Выбери любимый жанр

Пошел купаться Уверлей - Высоцкий Сергей Александрович - Страница 25


Изменить размер шрифта:

25

За эти двадцать минут неторопливой прогулки чувство свободы и защищенности потихоньку улетучилось: неизвестные «доброжелатели», потеряв его в Бологом, догадаются обзвонить гостиницы и выяснить, в какой из них остановился господин Фризе из Москвы. И времени на поиски они потратят не слишком много. А снимать частную квартиру он не хотел. Не мог себя перебороть. Брезговал.

«Значит, полезнее для нервной системы остановиться в “Астории”, — подумал Владимир, — по паспорту, который вручил мне Хиндеман. И почему вчера это казалось мне опасным? Главное, не забыть, в каком кармане документы Фризе, а в каком — Зандермана».

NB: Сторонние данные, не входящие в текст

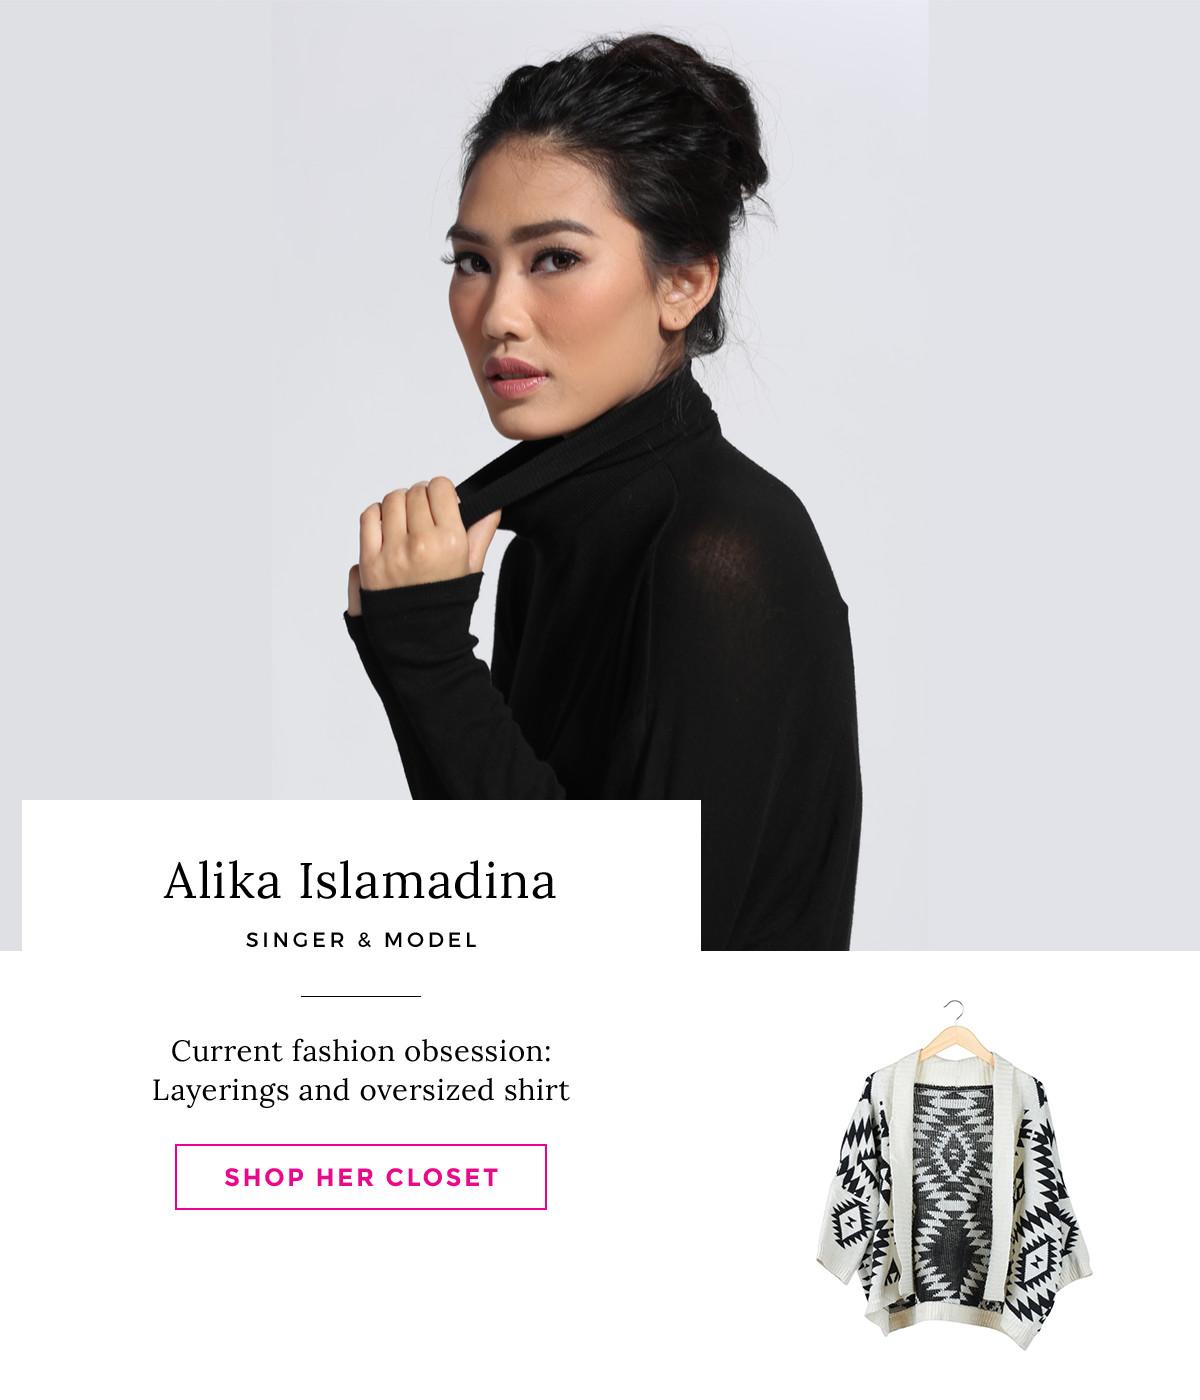 Alika Islamadina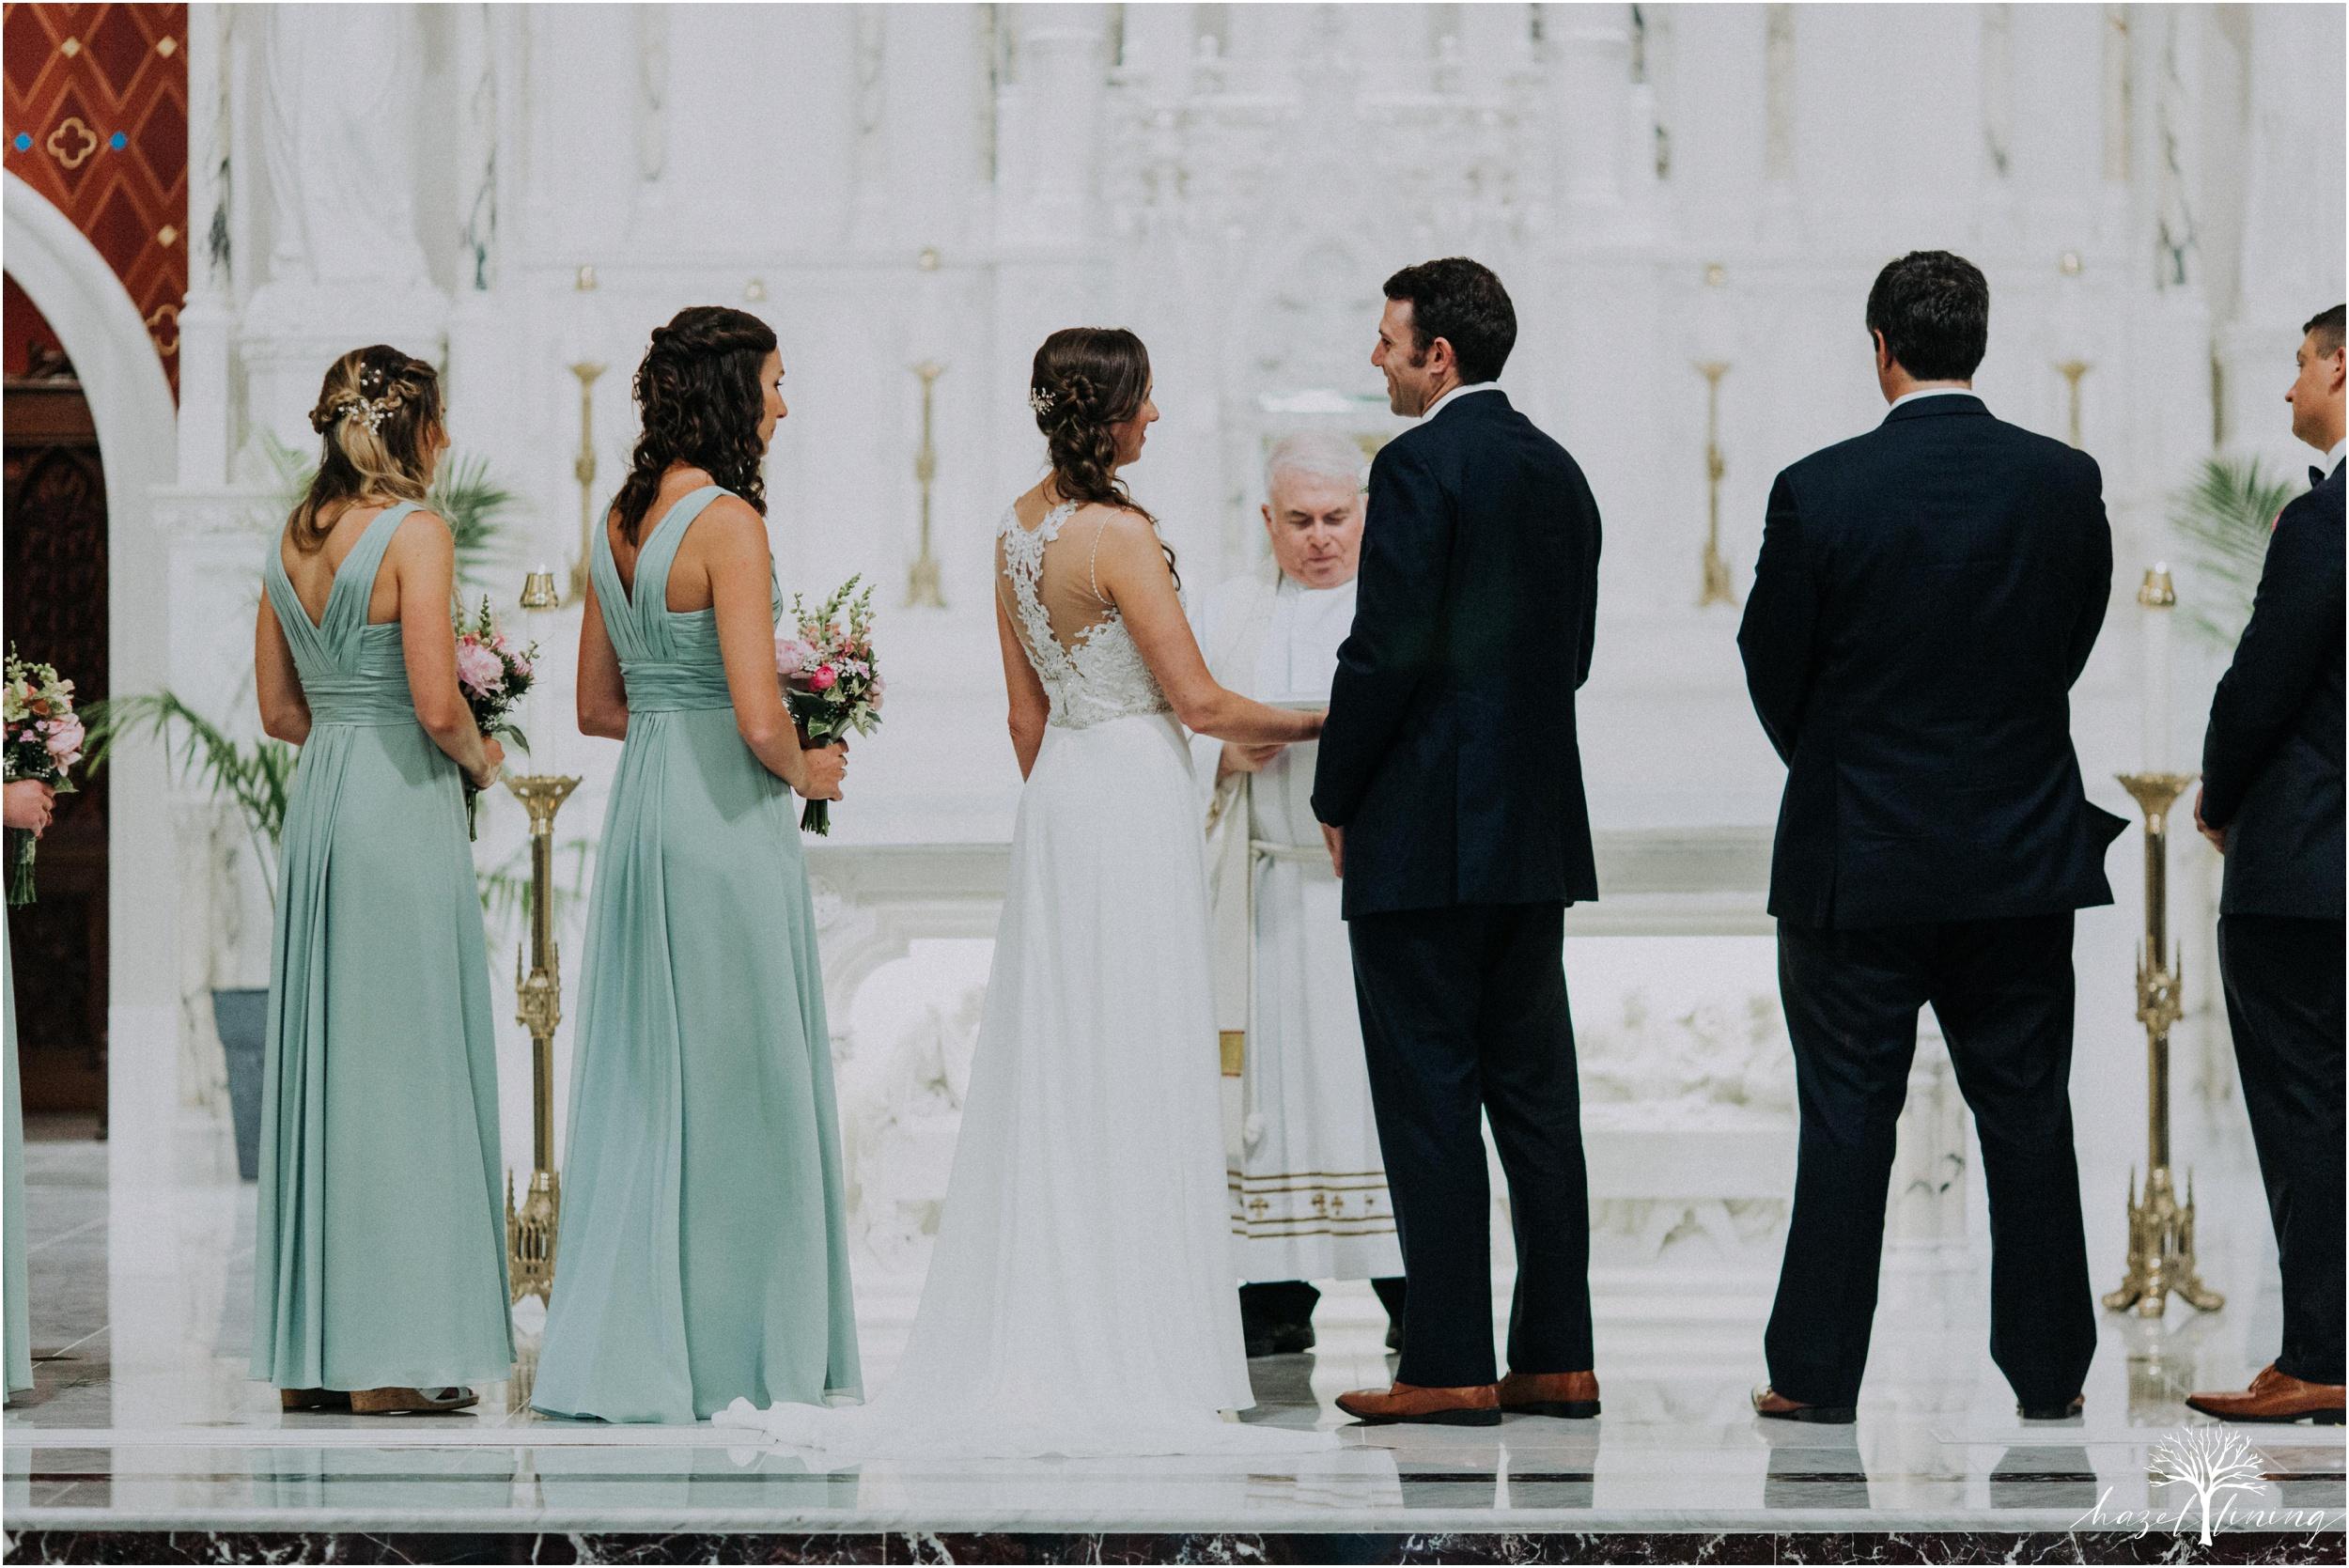 hazel-lining-travel-wedding-elopement-photography_0059.jpg

Он машинально сунул руку в правый карман и нащупал в нем листок бумаги. Это была сложенная вдвое крошечная страничка из блокнота. И пахла она духами Тосико. Фризе развернул листок. Вычурными готическими буквами на нем было написано:

То видели, то не видели,

Узнав, кто я,

Полюбили ли вы?

Что же так невнимателен

Был сегодня ваш грустный взгляд?[4]

Трогательная японская танка настроила его на минорный лад. Владимир подумал о том, что сделала для него эта незнакомая красавица, и рассердился: «Болван! Не смог найти словечко потеплее для благодарности! Оставил все на вечер. А встретимся ли вечером? Встретимся. Если по своему паспорту я поселюсь в “Прибалтийской”. Под боком Тосико».

Эта мысль так обрадовала его, что даже потерявшие надежду на ремонт питерские дворцы перестали казаться ему чересчур убогими.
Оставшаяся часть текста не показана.